Traveling alone- what a treat.   On our long journey in so many countries,  we met so many travelers from all over the world.  Some were traveling for short periods of times; others for longer.  But the most distinguishing factor about the travelers was ‘traveling alone’ or ‘with others’.  When I say “traveling alone,” I don’t really mean alone- all by yourself.  The idea of traveling alone is the notion of meeting people that you like, in which you get to choose with whom to hang out with.  You can decide the location, the duration, the company, and the budget without any compromises.   On the other hand, when one initiates his or her journey as part of a group or a couple, he or she will have to compromise on many aspects of the trip.  Many times, I heard of travelers ended up doing things or going places they didn’t really want to do or see.   And when compromising starts to block one of the brain’s arteries, and constrict your breathing, oye! And only then, if you get sick of being a dishrag, then,  if you’re lucky, you become a sole-traveler. How cool!




As for myself (Kobi), I love the idea of traveling alone (I guess Gabi won’t appreciate me saying it 🙂 ).  Don’t get me wrong, I cherish and love the idea of traveling as a part of a family (I must say this to be politically correct), but the idea of traveling alone has some magic in it.  Throughout my life, I had the privilege to be a sole-traveler several times.  The first was in 1991 when I had traveled to Thailand all alone for 5 months and my parents freaked out. (They really, really did!)

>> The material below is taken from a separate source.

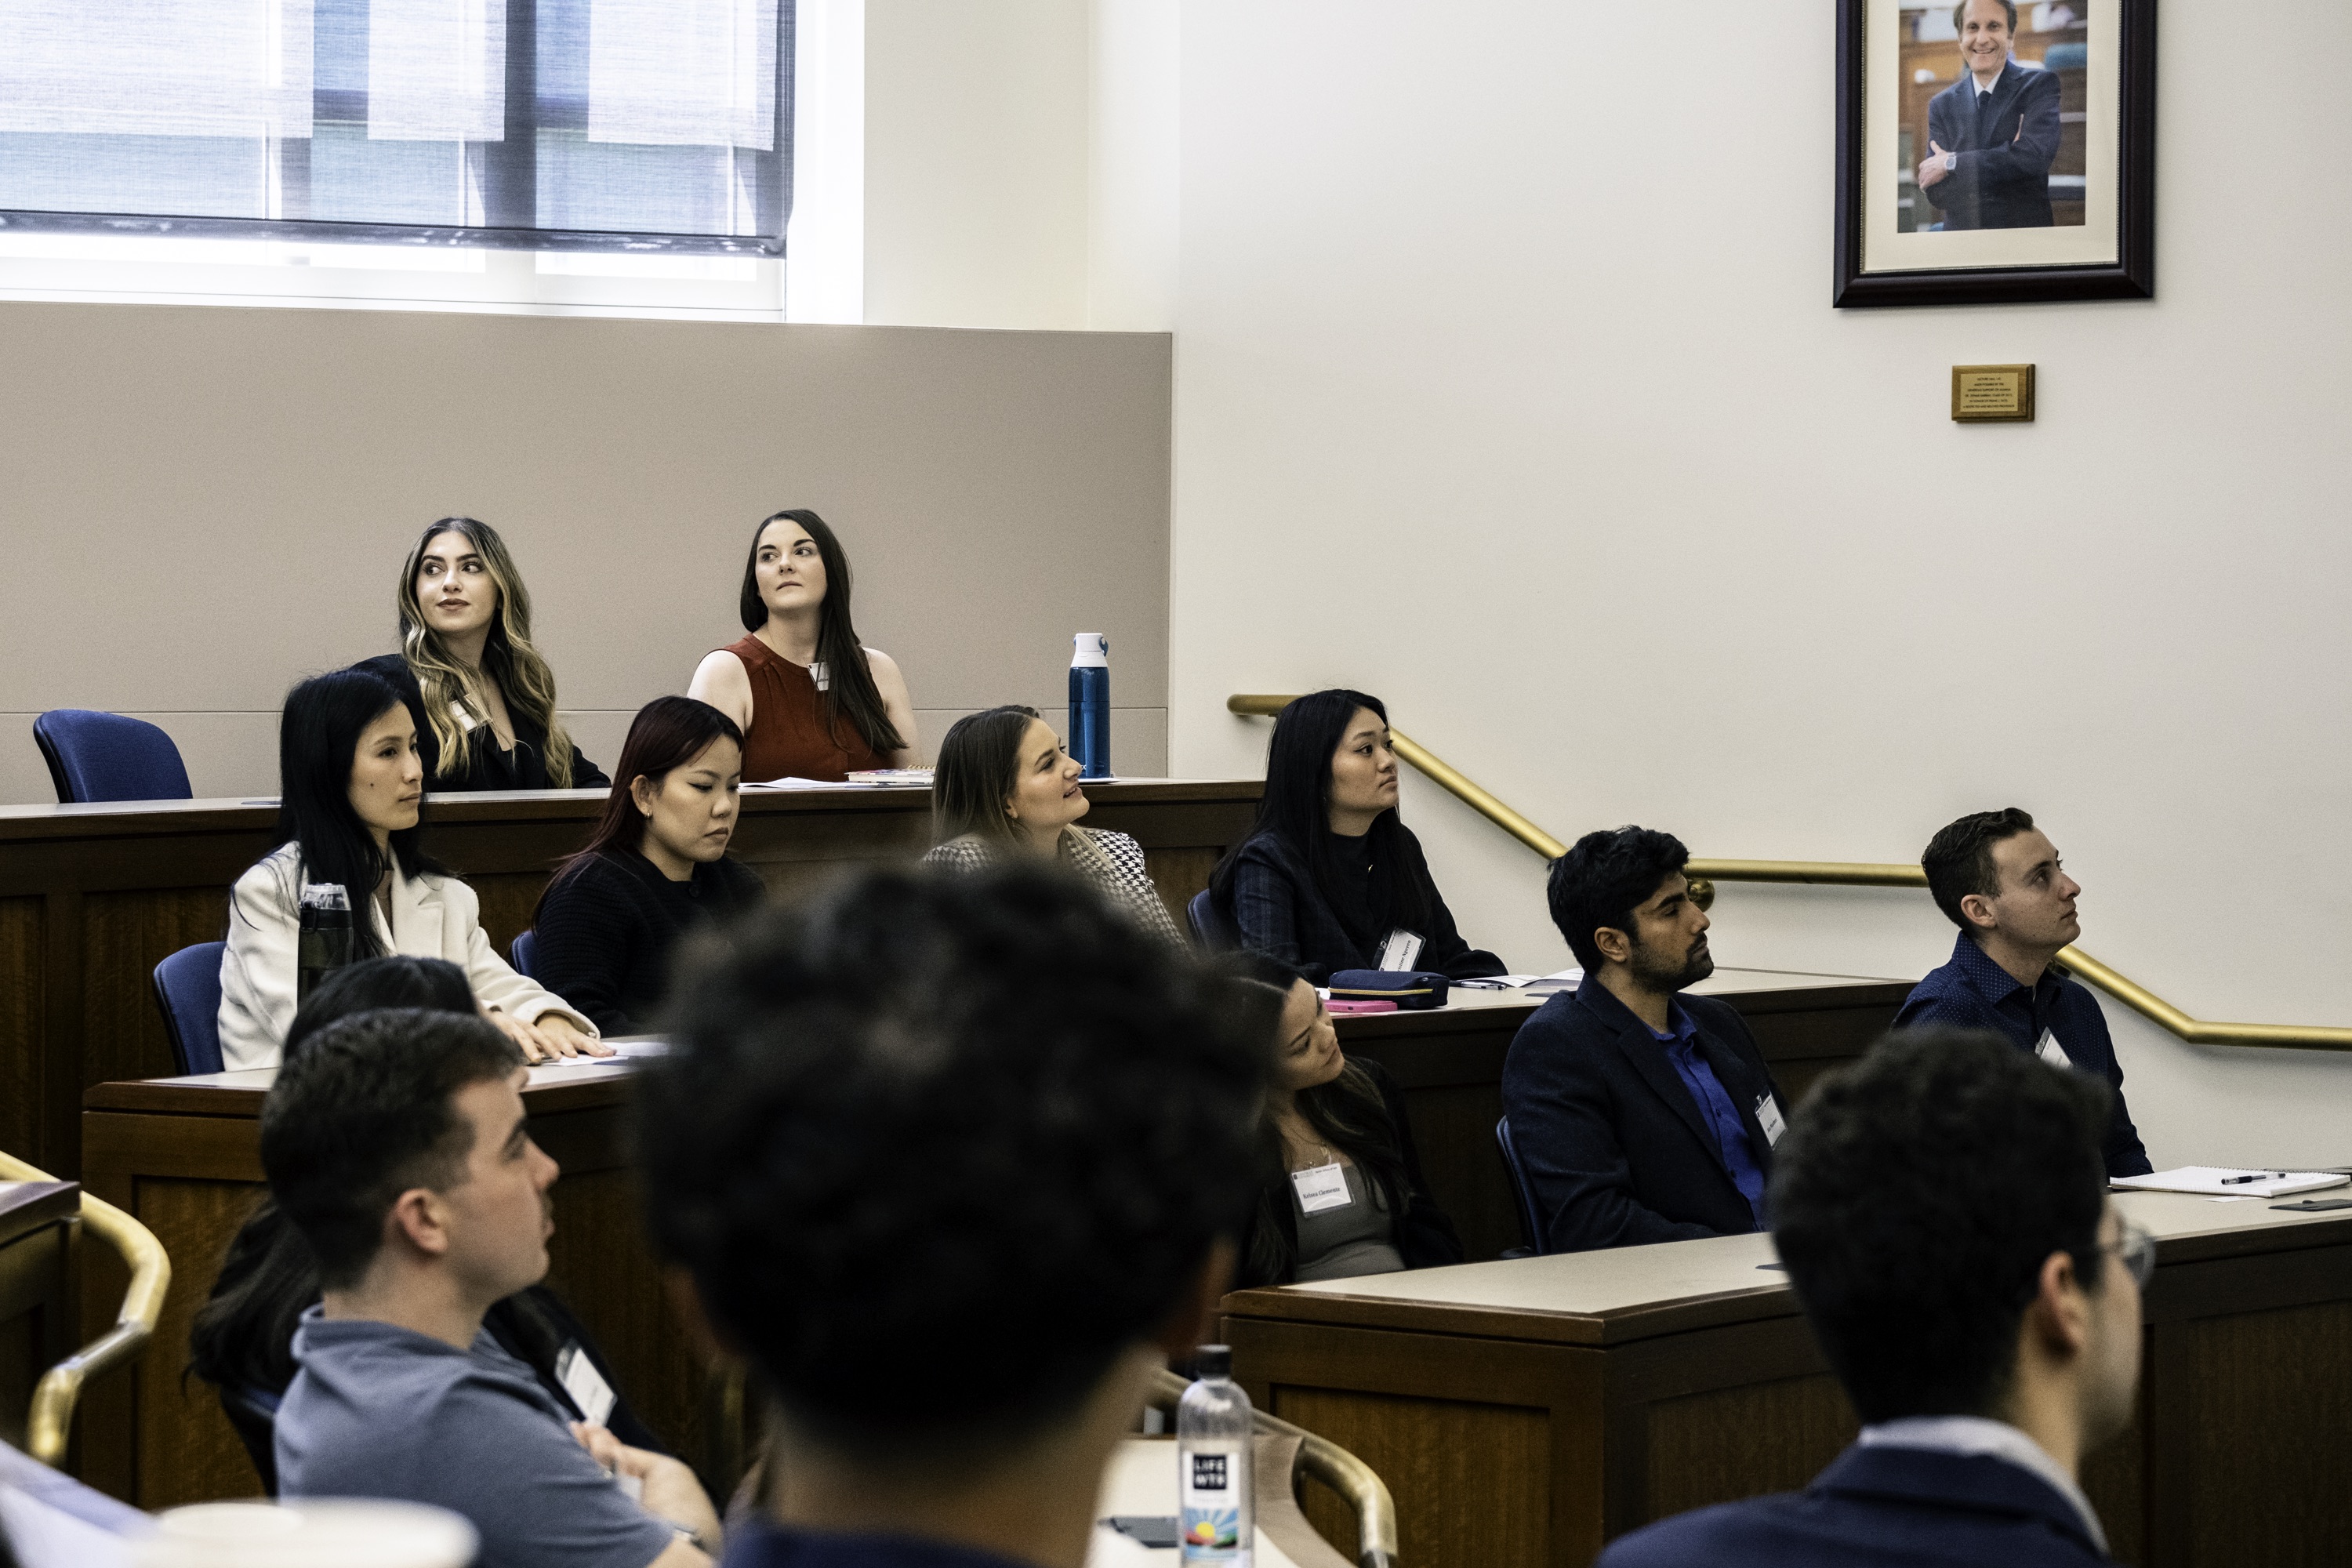 Photograph of prospective students in a mock law class during scholars weekend

On the second time, in 2008, I had permission from my dear wife Gabi to go to India for a month. She freaked out, as well, when she heard that I spontaneously decided to enter Qatar. Remember? I am an Israeli. (That was very risky.) The third time  was on our present journey, I had traveled alone for almost 2 months from Peru heading south in order to sell the family car illegally.  Unlike the other trips, this one was a different journey. It was different since I had no idea for how long I would be gone, while my family waits for me in foreign country.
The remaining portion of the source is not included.